The fund will also invest in Treasury Inflation Protected Securities as a hedge against inflation and interest rate risk.   

“Investing in real assets may also help prove beneficial if the rising U.S. deficit, coupled with reduced tax revenue, puts upward pressure on interest rates and inflation,” said a Prudential release.

“According to data from Ibbotson Associates, when the Federal Reserve raised interest rates from 1.00% to 5.25% percent between June 2004 and June 2006, real assets post-inflation returns produced average annual real returns of 9.35%, versus 4.56% for stocks or the 0.34% loss for bonds.”

The fund’s dynamic asset allocation strategy is led by Quantitative Management Associates, which manages nearly $40 billion in asset allocation strategies, including real assets.


Principal endorses investment principles

Principal Global Investors, the Des Moines, Iowa-based asset manager with $227.4bn (€170bn) in mostly pension fund assets under management, has become the latest “mainstream” firm to sign up to the United Nations Principles for Responsible Investment, according to
The firm, a unit of Principal Financial, runs assets for 10 of the 25 largest pension funds in the world, says “the appropriate consideration of environmental, social and governance (ESG) issues is part of delivering superior risk adjusted returns.”
Other recent well-known asset manager signatories include Capital International, Legal & General Investment Management and T. Rowe Price.   


$5.3 billion sets a sales record at MassMutual Retirement

MassMutual Retirement Services Division wrote over $5.3 billion in sales in 2010, breaking the record set in 2009. Assets under management in retirement plans administered by MassMutual reached a record $50 billion or so at year-end 2010 (including First Mercantile), up 16% increase vs. year-end 2009. The division reported net cash flow of about $2 billion for the second consecutive year.

MassMutual also earned record-high satisfaction levels in numerous 2010 industry and proprietary surveys of retirement plan advisors and plan sponsors, with a plan sponsor retention level of 95%.  

According to Hugh O’Toole, senior vice president and head of sales and client management for MassMutual’s Retirement Services Division, MassMutual has seen strong growth in its core defined contribution, defined benefit and TRS segments as well as in the nonprofit, Taft-Hartley, and professional employer organization (PEO) markets.

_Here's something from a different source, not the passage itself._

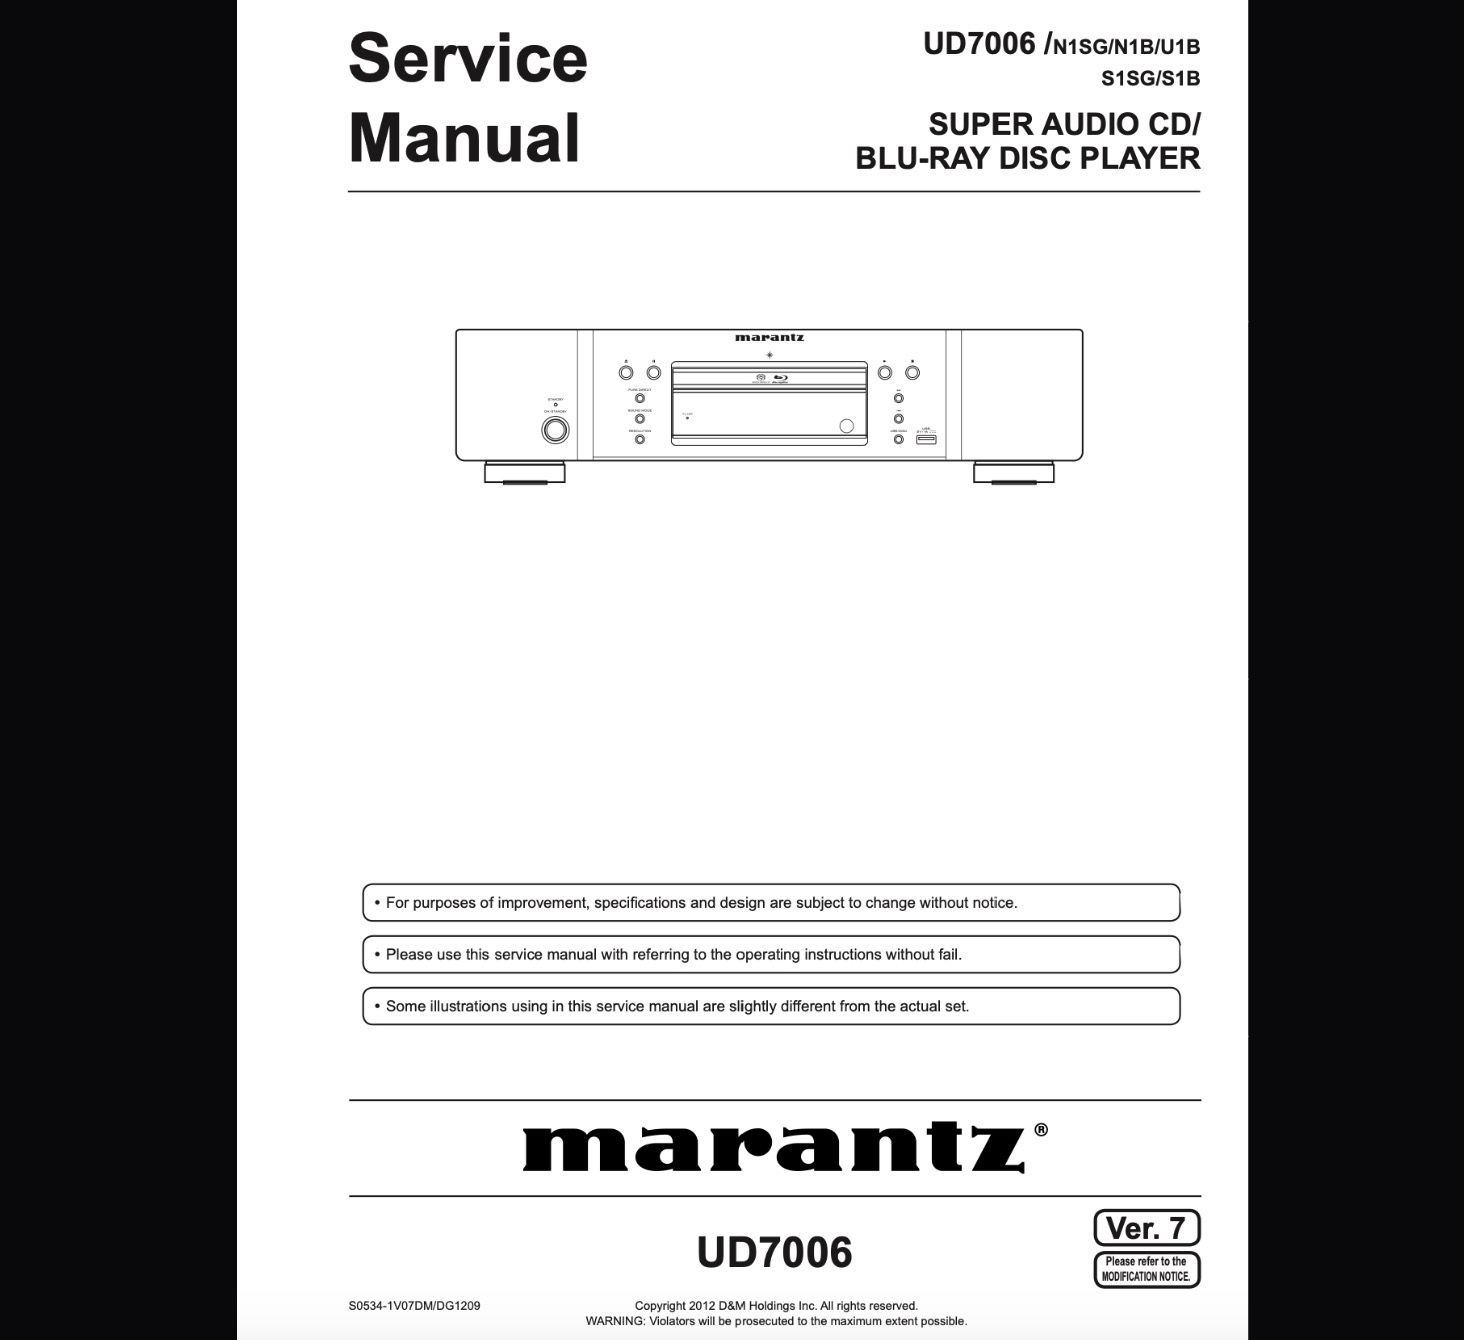 Marantz UD7006 / N1SG / N1B / U1B S1SG / S1B SUPER AUDIO CD /  BLU-RAY DISC PLAYER Service Manual, Exploded View, Schematic Diagram, Cirquit Description

Securian Retirement certified by CEFEX

For the third consecutive year, the Centre for Fiduciary Excellence awarded Securian Retirement the CEFEX certification for fiduciary due diligence regarding investment management.

The CEFEX certification is used by benefits advisors, consultants, brokers, and their clients to assess the performance, consistency, and appropriateness of investment options. “The CEFEX certification is especially important in the markets we serve,” said Bruce Shay, executive vice president, Securian Financial Group, Inc. “Some employers do not have HR and legal experts on staff to monitor plan performance.”

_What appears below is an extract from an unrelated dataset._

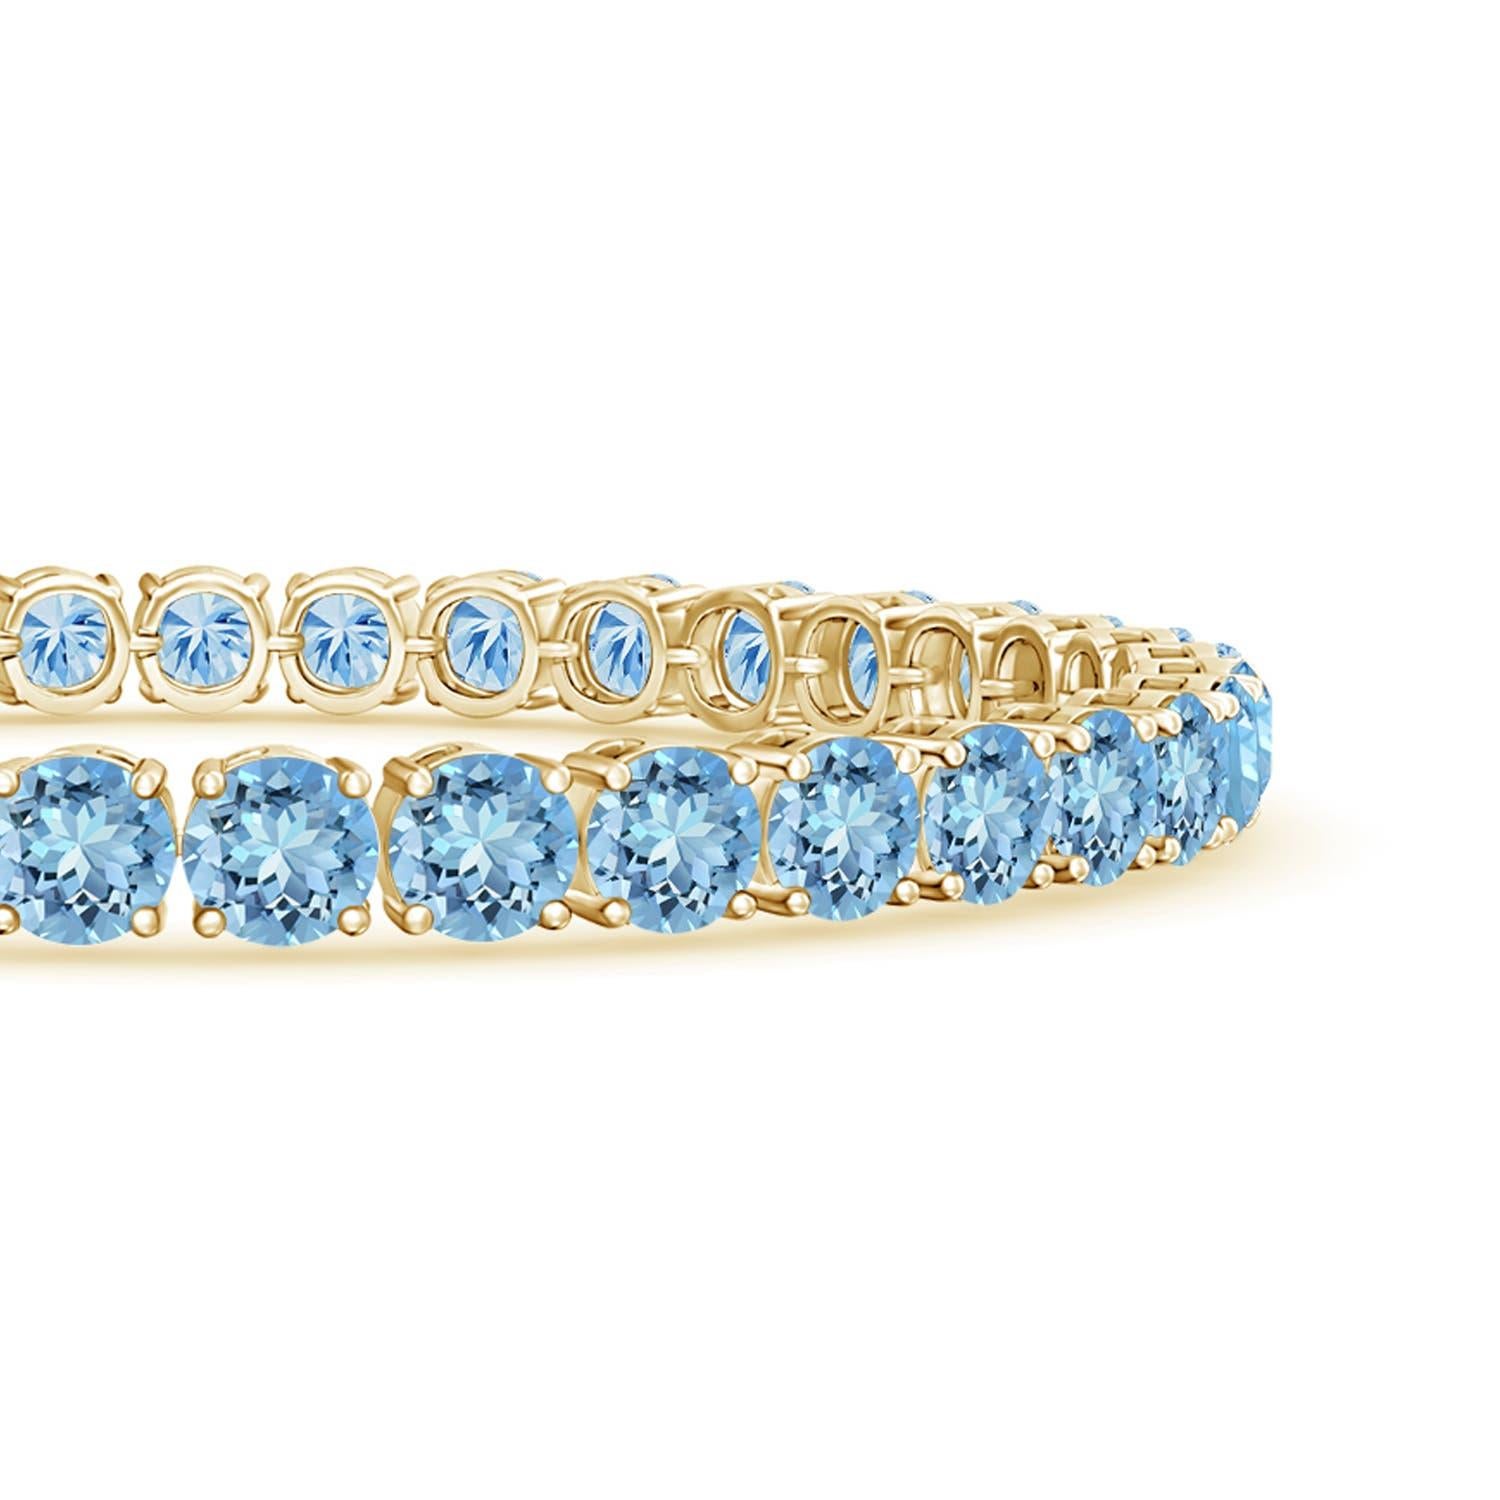 Simple yet so appealing, this tennis bracelet in 14k white gold is effortlessly elegant. The alternated round diamonds and icy blue aquamarines are secured in bezel settings.

Securian’s retirement plans are offered through a group variable annuity contract issued by Minnesota Life Insurance Company. The Securian due diligence process is led by an in-house committee of four CFAs who also hold the Accredited Investment Fiduciary designation.

CEFEX is an independent, global assessment and certification organization providing comprehensive assessments as measures of risk and trustworthiness of investment fiduciaries. A CEFEX assessment includes reviews of an organization’s practices by an independent Accredited Investment Fiduciary Analyst (AIFA).